Weights & Biases (W&B)
Definition
Weights & Biases (commonly abbreviated W&B or wandb) is a cloud-native MLOps platform that provides experiment tracking, dataset and model versioning, hyperparameter optimization, and interactive reporting in a single integrated product. Founded in 2017 and adopted widely in both academic research and industry, W&B is particularly popular among teams training deep learning models that produce rich media outputs — images, audio, video, point clouds — that benefit from visual inspection during training.
W&B's core value proposition is that it requires almost no infrastructure to get started: you sign up for a free account, install the wandb Python package, add wandb.init() to your script, and everything is logged automatically to W&B's cloud.
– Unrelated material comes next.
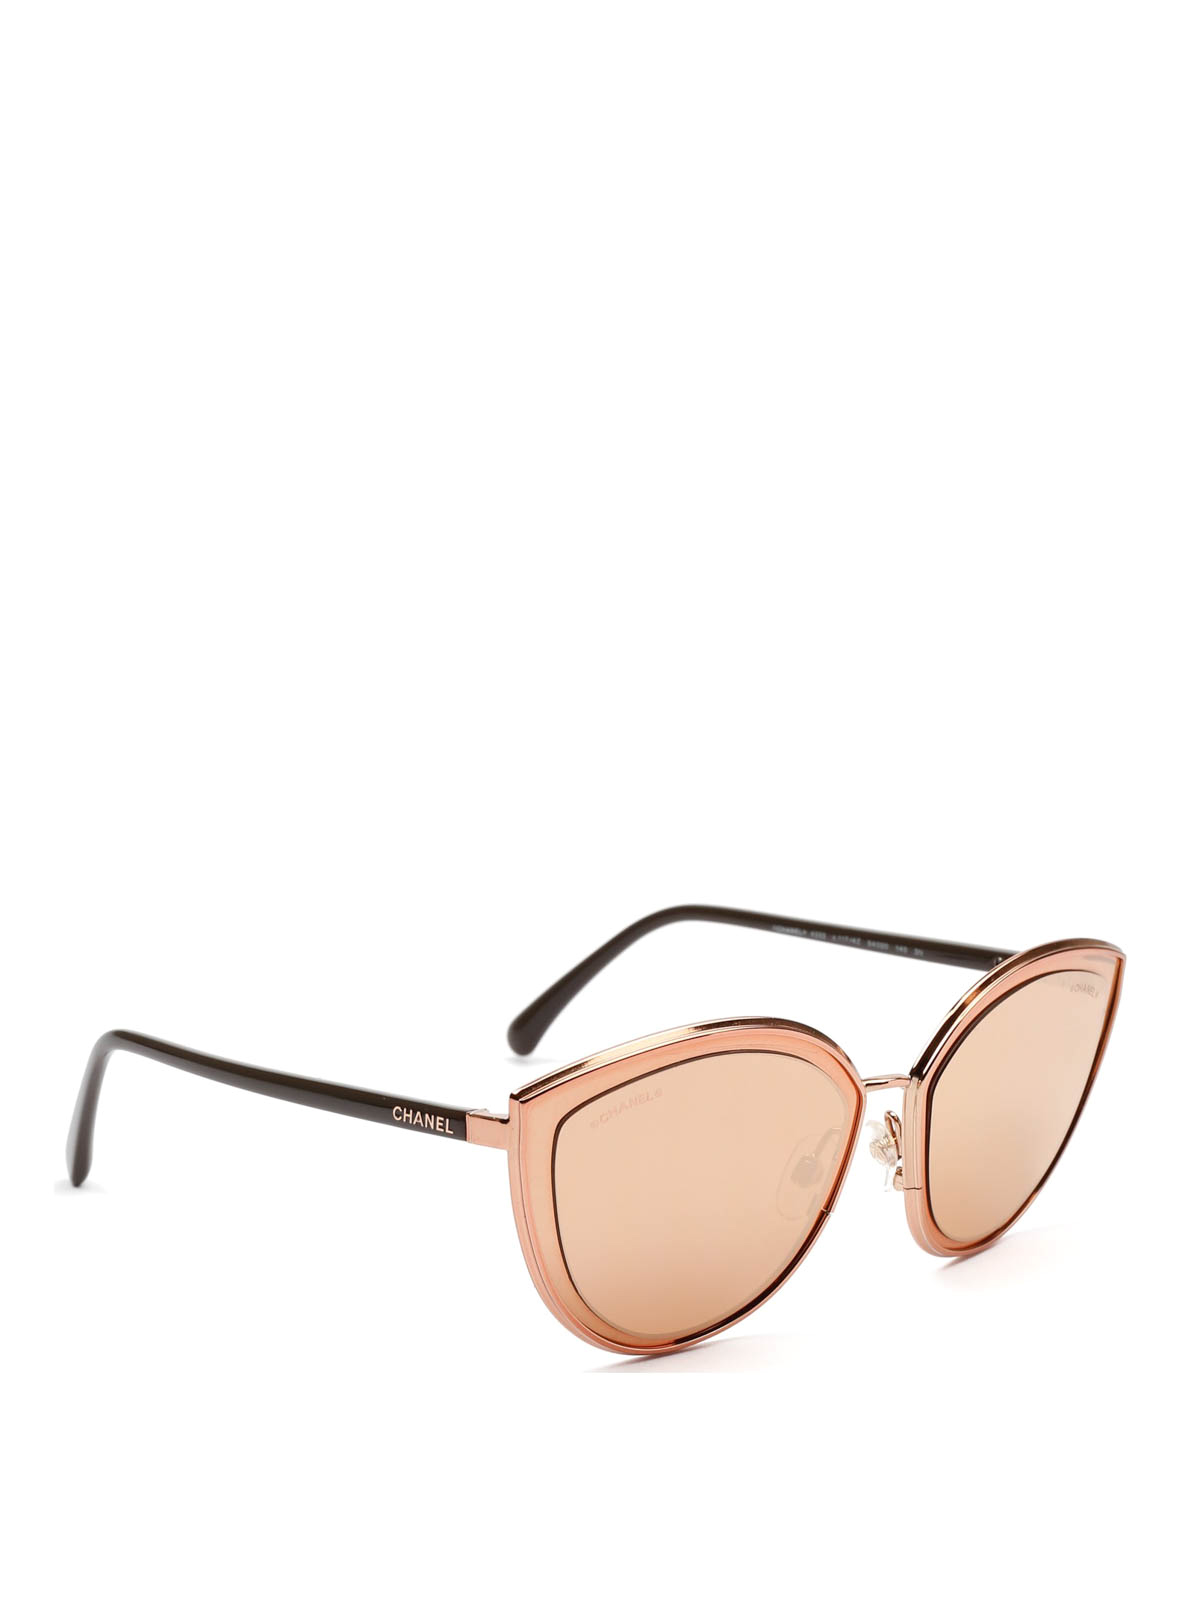 Sunglasses Chanel - Pink gold cat eye sunglasses - 4222C1174Z

The platform is organized into projects (collections of related runs), runs (individual training executions), artifacts (versioned datasets and model files), sweeps (automated hyperparameter search), and reports (shareable narrative documents embedding live charts).
Unlike self-hosted solutions such as MLflow, W&B manages all backend infrastructure. This eliminates operational burden but means data leaves your premises — a relevant consideration for regulated industries. W&B offers private cloud and on-premise deployment options for enterprise customers who need data residency guarantees, though these require a paid plan.
How it works
Initialization and auto-logging
Calling wandb.init(project="...", config={...}) starts a run, sends the config to W&B, and returns a run object. Many popular frameworks (PyTorch Lightning, Hugging Face Trainer, Keras, XGBoost, scikit-learn) offer W&B callbacks or integrations that auto-log gradients, learning rate schedules, and evaluation metrics without additional code. Under the hood, a background thread batches and compresses log data before sending it over HTTPS, minimizing training overhead.
Real-time dashboards
The W&B UI renders metric curves, system utilization (GPU/CPU/memory), and media as the run progresses. Multiple runs can be overlaid on the same chart with automatic color coding. Runs can be filtered and grouped by any config dimension (e.g., group by learning rate to see its effect across all experiments at once), enabling rapid visual diagnosis.
Sweeps
A sweep is defined by a YAML or Python dict specifying search space, search strategy (grid, random, or Bayesian), and stopping criteria (e.g., early termination of underperforming runs). The W&B sweep controller coordinates multiple agents running in parallel, each picking hyperparameter combinations from the controller and logging results back. Bayesian search adapts based on observed results, converging faster than grid search.
Artifacts
W&B Artifacts version datasets, model checkpoints, and evaluation outputs as content-addressed objects. An artifact is linked to the run that produced it and to the runs that consumed it, creating a data lineage graph. You can download a specific artifact version with two lines of Python, making dataset and model reproducibility as simple as specifying a version string.
Reports
Reports are interactive documents that embed live W&B charts, run comparisons, and markdown narrative. They are the primary collaboration surface: a researcher can link a report in a Slack message or GitHub PR to share reproducible experimental evidence without exporting static images.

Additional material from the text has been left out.